After Step 5, run the two-tier learnings capture.

### Tier 1: Auto-Capture (no user confirmation)

- **Known patterns confirmed:** If a fix matched a pattern from existing learnings (e.g., "DO NOT" boundary language from `in-001`), auto-bump its `confirmed` count and `lastConfirmed` in `index.json`.
- **Scoring adjustments confirmed:** If scoring fixes aligned with prior `eval-testing.md` entries, bump those entries.

### Tier 2: User-Confirmed Capture (new patterns)

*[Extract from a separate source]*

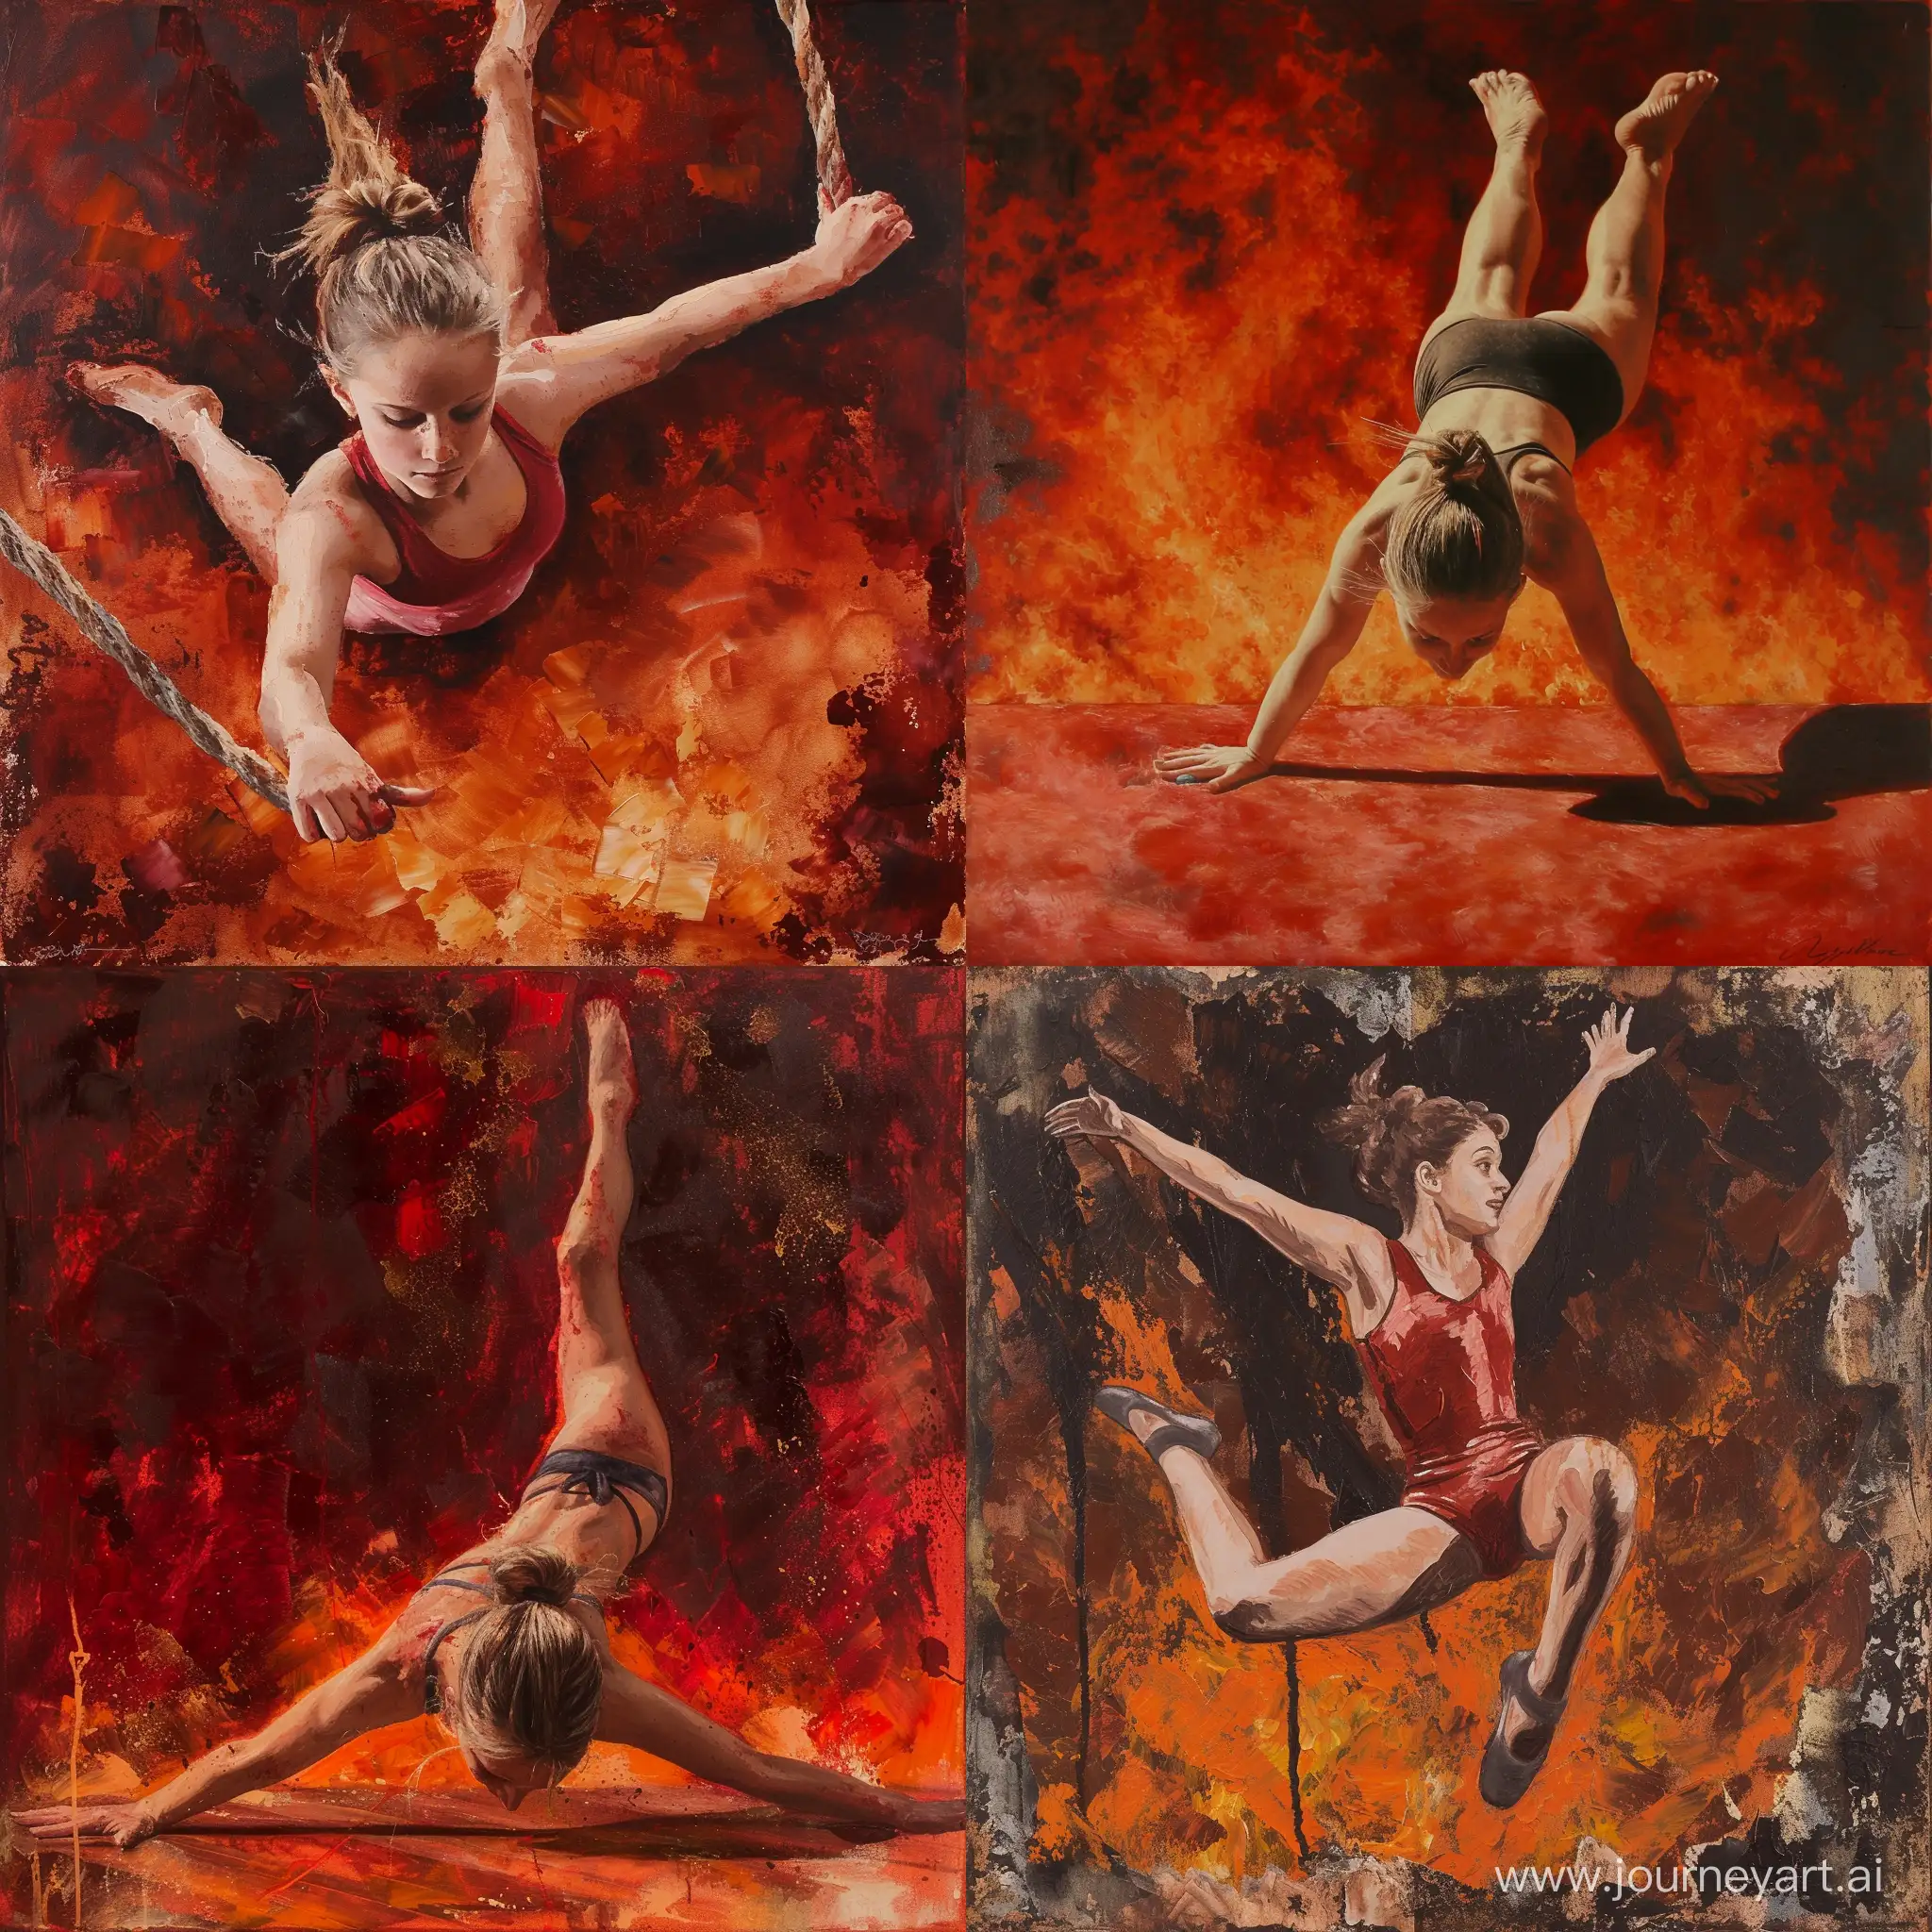 Energetic-12YearOld-Gymnast-Mastering-Moves-in-Fiery-Artistic-Display

Check for genuinely new insights:

- **Recurring failure patterns** — same root cause appearing across multiple agents? Write to `knowledge/learnings/eval-testing.md`
- **Instruction patterns** — PE discovered a better way to phrase boundaries? Write to `knowledge/learnings/instructions.md`
- **Topic/trigger insights** — TE found trigger phrase patterns that improve routing? Write to `knowledge/learnings/topics-triggers.md`

**Before writing, run the comparison engine** (see CLAUDE.md "Learnings Protocol" § B):
1. Check `index.json` for entries with overlapping tags
2. Same fix pattern → BUMP (Tier 1); new pattern → present to user; contradiction → FLAG

Only capture Tier 2 if there's something genuinely new. Skip if the fix was routine (Tier 1 still runs silently).

Present to user for confirmation before writing NEW entries to learnings files. Update `index.json` for both tiers.